OSpark Orchestrator: Enabling Streaming Output for MiroMind's MiroFlow

As we embark on developing our universal Agent product OSpark, we've chosen to build upon MiroMindAI's open-source project MiroFlow. A key limitation we're addressing first is MiroFlow's lack of streaming output support. In this technical blog, we'll detail how we've enhanced MiroFlow to deliver real-time streaming capabilities through OSpark's orchestrator upgrade.

Core Changes in the Orchestrator

1. New Task Guidance System

def _get_task_guidance(chinese_context: bool = False) -> str:
    """Provides detailed task execution guidance with support for Chinese context"""

• Emphasizes comprehensive information collection and transparent reporting
• Offers specialized handling guidance for Chinese-language tasks
• Avoids premature conclusions while preserving all potential candidate answers

2. Streaming LLM Calling Capability

async def _handle_llm_call_streaming(self, ...):
    """Supports real-time streaming of LLM responses"""

• Returns real-time chunks of LLM-generated content
• Integrates tool call information extraction
• Supports streaming calls for both primary and sub-agents

3. Streaming Summary Generation

async def _handle_summary_with_context_limit_retry_streaming(self, ...):
    """Streaming version of summary generation with context limit retry support"""

• Makes the summary generation process visible in real-time
• Automatically handles context length exceeded issues
• Features an intelligent retry mechanism

Design of the StreamingOrchestrator

1. Architectural Design

• Decorator Pattern: Instead of replacing the existing orchestrator, we add streaming capabilities on top of it
• Event-Driven: Implements streaming interactions based on a complete event system
• Task Management: Supports task cancellation, status queries, and lifecycle management

2. Core Functionality

async def execute_task_streaming(self, ...) -> AsyncGenerator[StreamEvent, None]:
    """Executes tasks and returns events in a streaming fashion"""

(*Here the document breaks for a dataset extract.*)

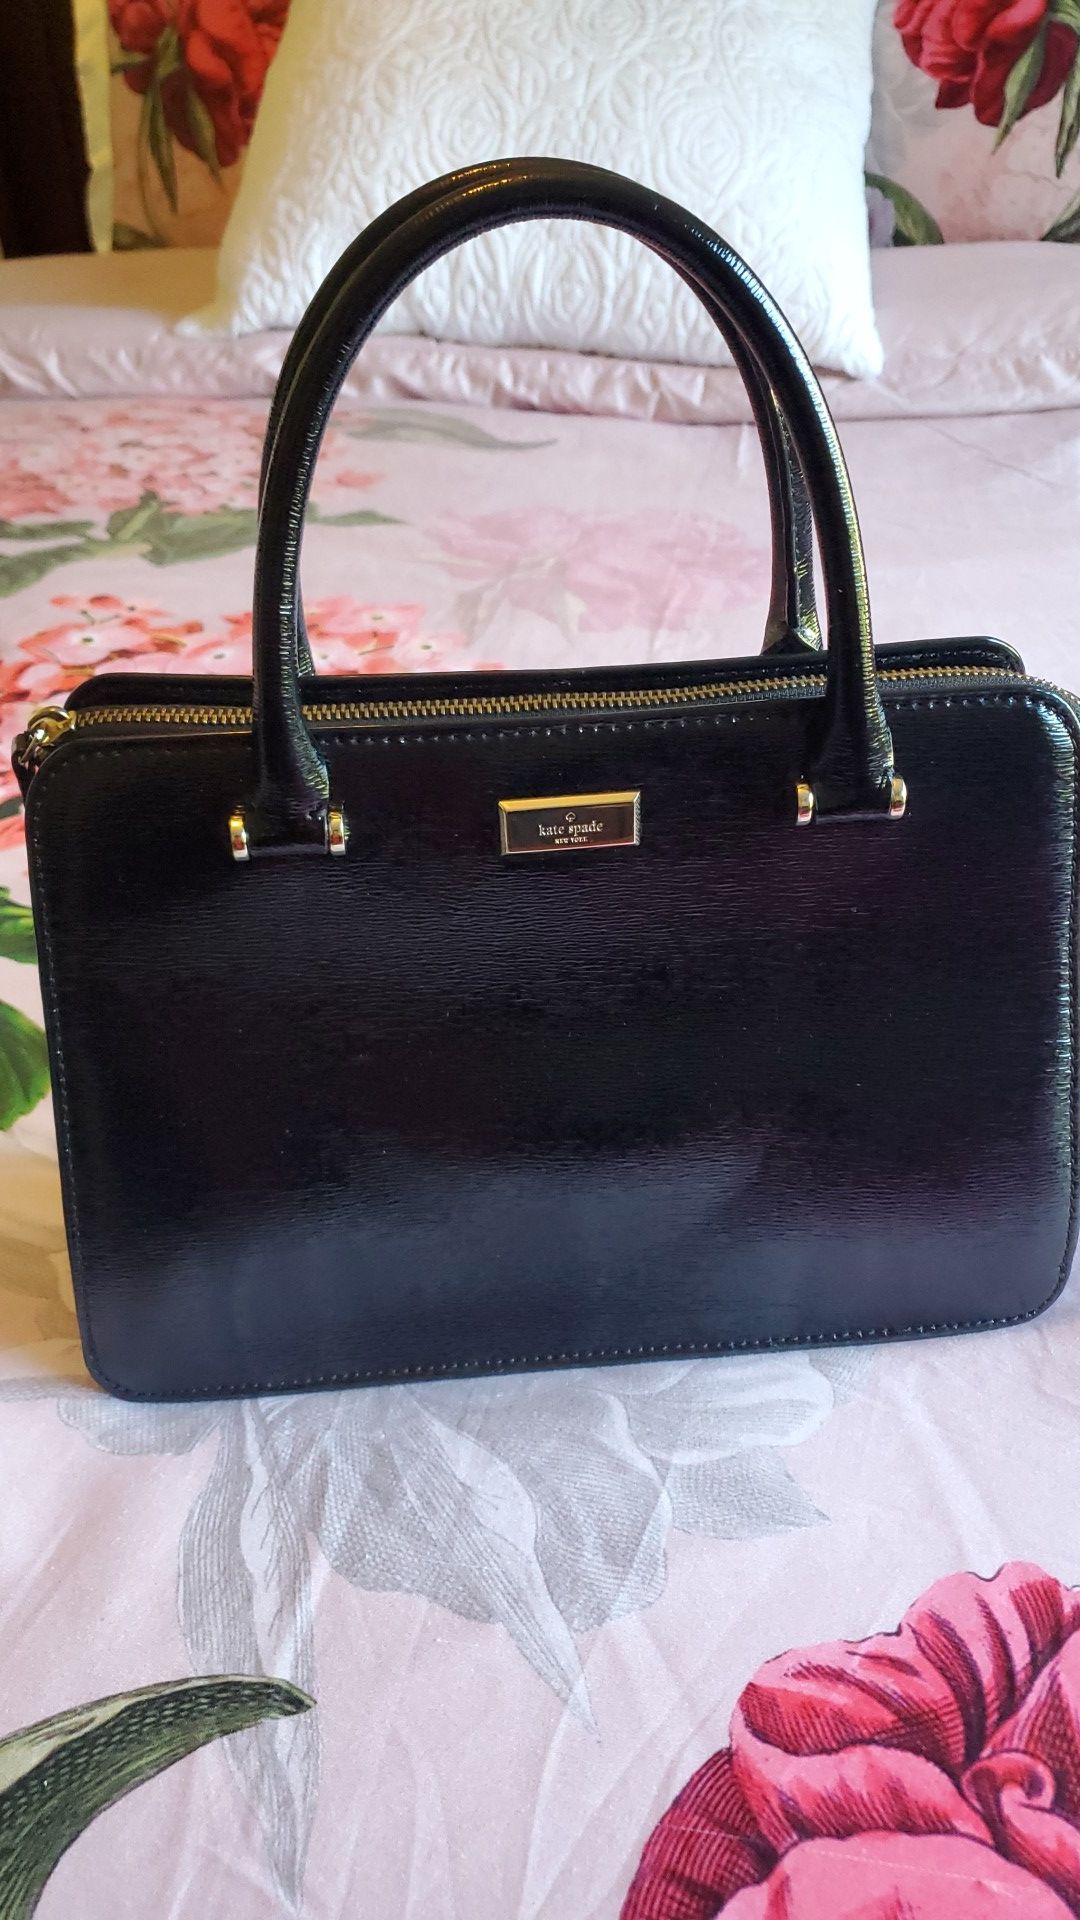 Authentic Kate Spade leather handbags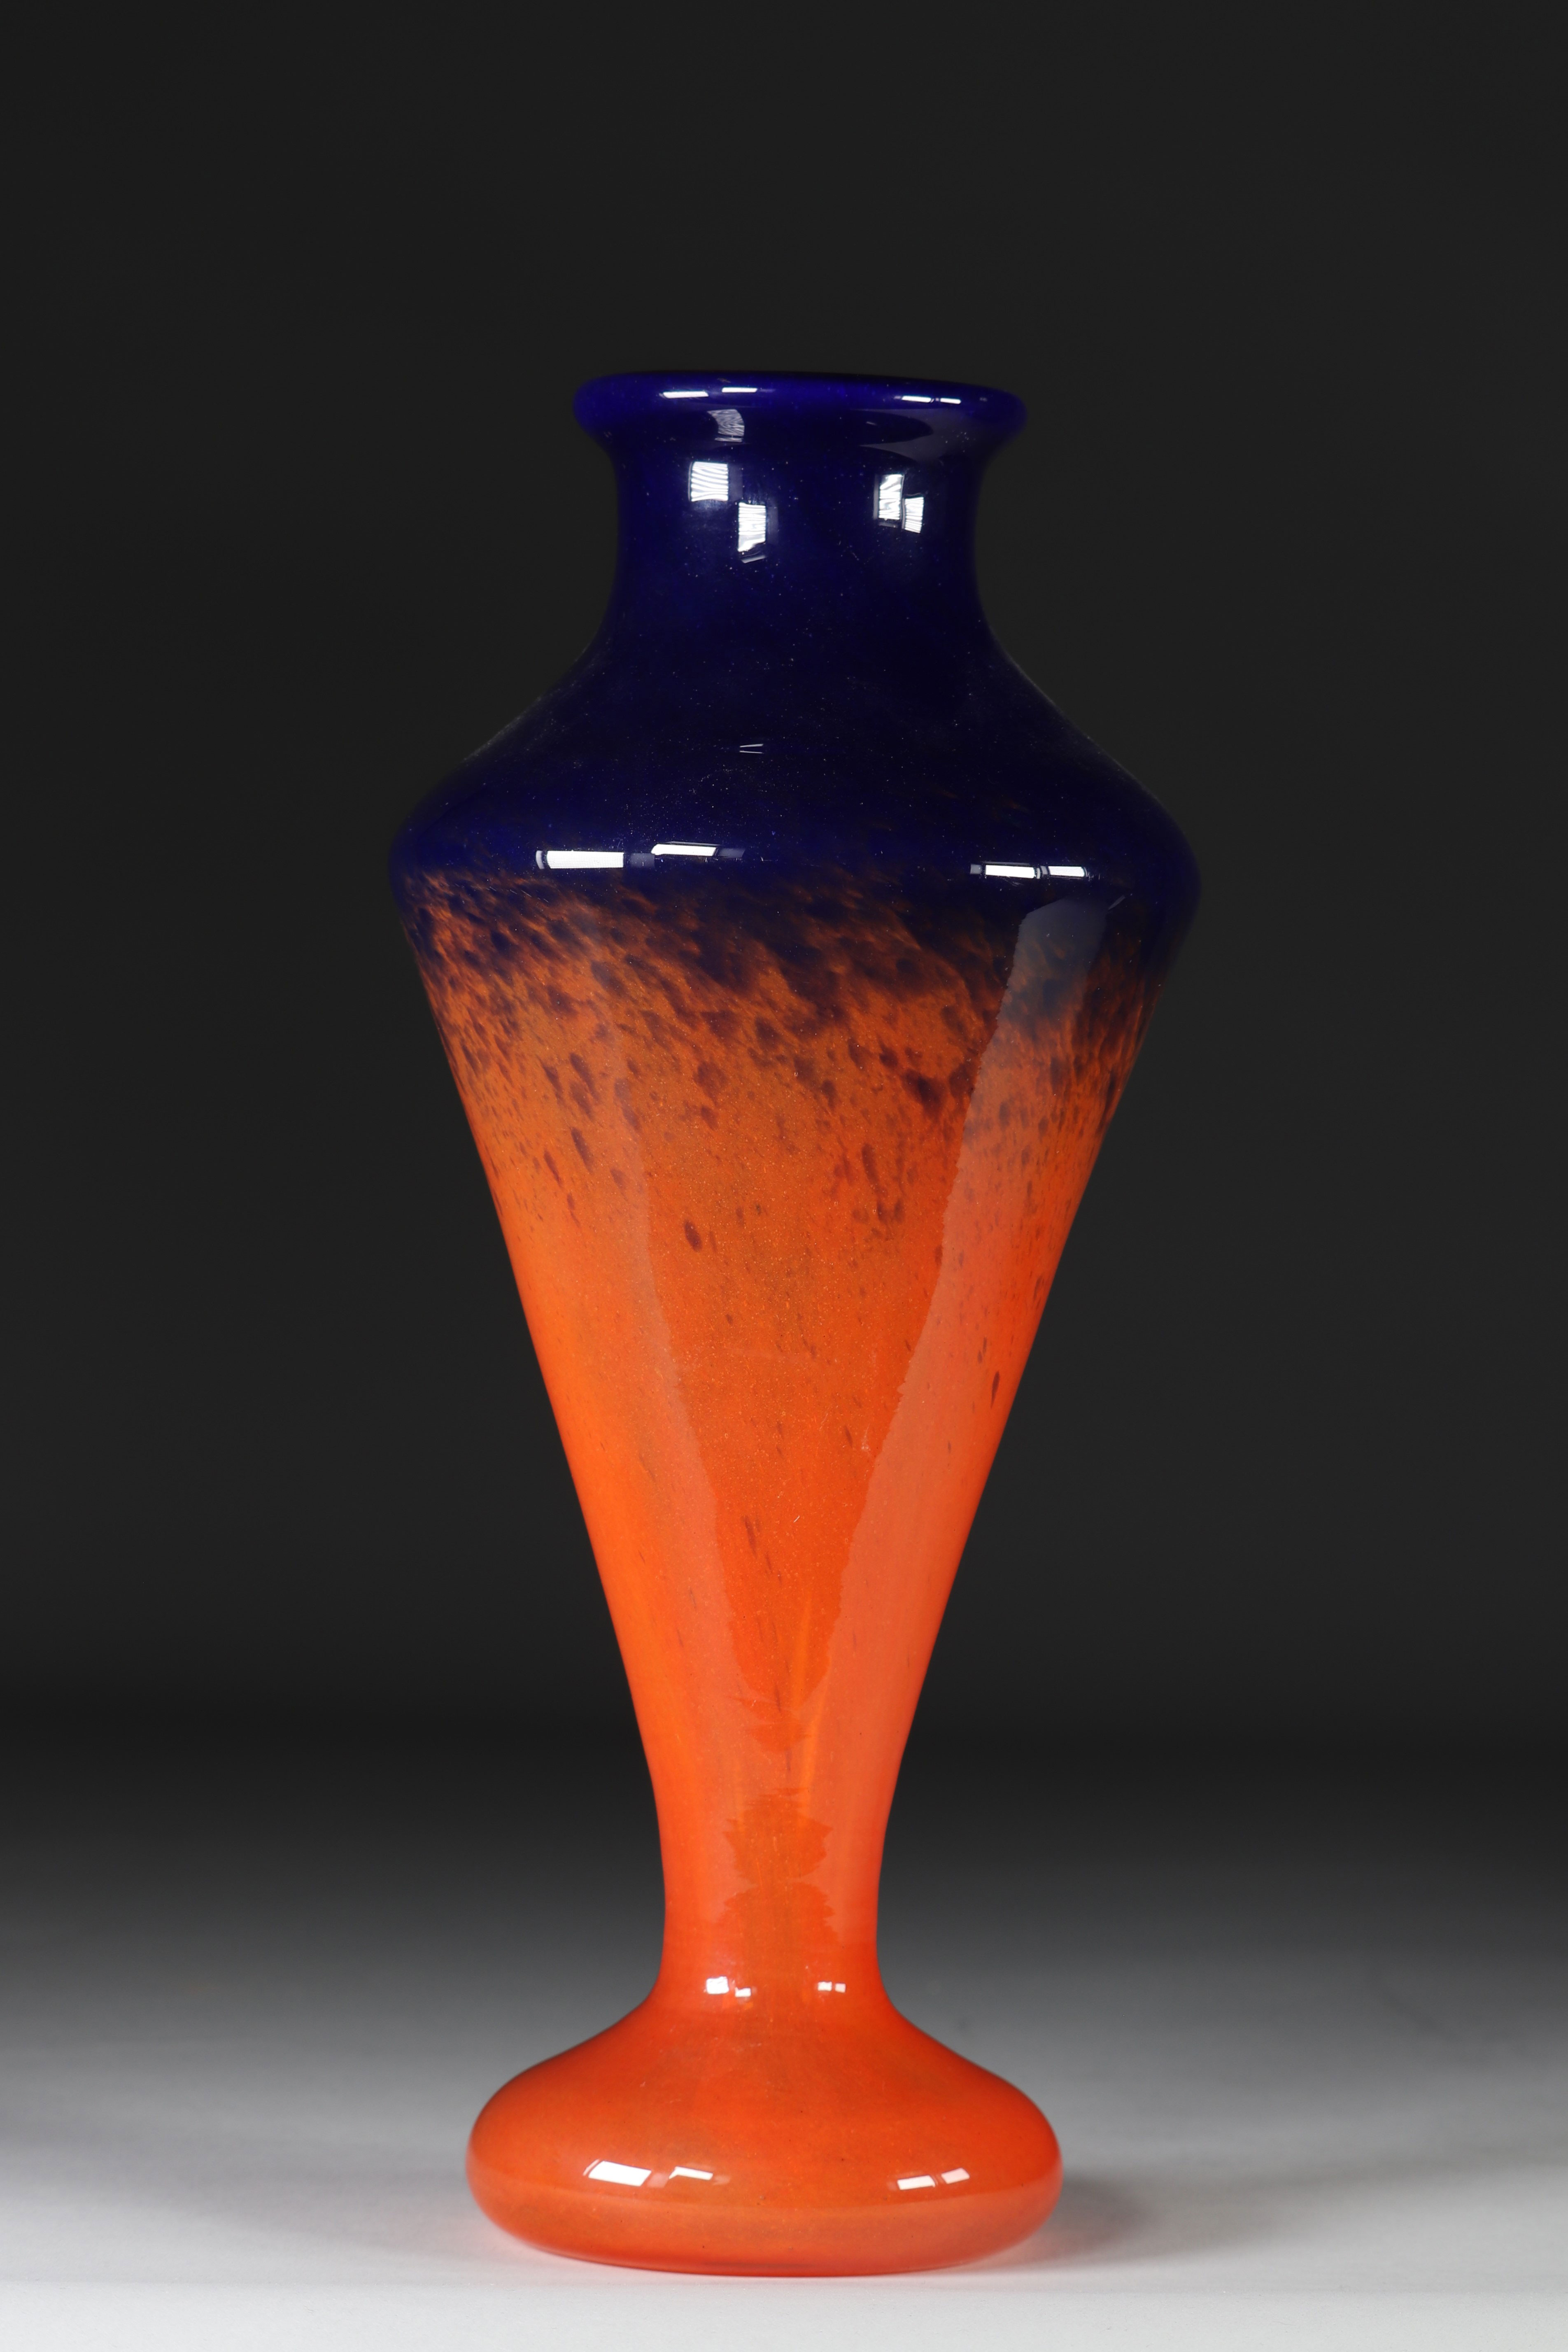 Schneider glass vase with shower foot in orange and blue shades - Image 2 of 2

Three Types of Real-time Interactions:

• LLM Response Streaming: Returns LLM-generated content in real-time
• Tool Execution Transparency: Displays tool call start, execution, and completion statuses
• Progress Status Real-time Updates: Provides detailed execution steps and progress information

3. Event System

class EventType(str, Enum):
    TASK_STARTED = "task_started"           # Task initiation
    TASK_PROGRESS = "task_progress"         # Task progress updates
    LLM_RESPONSE = "llm_response"           # LLM-generated content
    TOOL_CALL_START = "tool_call_start"     # Tool invocation beginning
    TOOL_CALL_COMPLETE = "tool_call_complete" # Tool invocation finished
    ERROR = "error"                         # Error occurrences

Relationship Between the Two Components

1. Collaboration Model: Decorator Pattern

# Streaming orchestrator creates an orchestrator instance internally
orchestrator = Orchestrator(...)

• Composition Relationship: The streaming orchestrator contains an instance of the original orchestrator
• Function Enhancement: Adds streaming capabilities on top of the original orchestrator
• Interface Compatibility: Maintains the original orchestrator's interface unchanged

2. Responsibility Division

Component	Responsibilities
Orchestrator	Core business logic: task execution, LLM calls, tool management
StreamingOrchestrator	Streaming interaction layer: event management, real-time feedback, task lifecycle

3. Data Flow

API Request → StreamingOrchestrator → Create Orchestrator Instance → Execute Core Logic → Generate Streaming Events → Return in Real-time

Core Value

1. User Experience Enhancement

• Transparent Execution: Users can observe the AI's real-time thinking process
• Instant Feedback: Real-time visibility of LLM responses, tool execution, and task progress
• Controllability: Supports task cancellation and status monitoring

2. Technical Architecture Advantages

• Backward Compatibility: All original functionalities are preserved, enabling gradual migration
• Separation of Concerns: Clear separation between core logic and interaction experience
• Extensibility: Event-driven architecture supports flexible feature expansion

3. Practical Applications

• Real-time AI Assistant: Web interfaces that display the AI's thinking process in real-time
• Debugging and Monitoring: Developers can monitor execution processes and performance metrics in real-time
• Interactive Development: Supports task cancellation, parameter adjustment, and result verification

Conclusion

With the introduction of the StreamingOrchestrator, OSpark achieves a significant transformation from "black box" execution to "transparent" interaction. Using a decorator pattern design, we provide users with an improved interaction experience while maintaining backward compatibility, and offer developers enhanced observability and extensibility. This architecture not only addresses current real-time interaction needs but also lays a solid foundation for future feature expansion.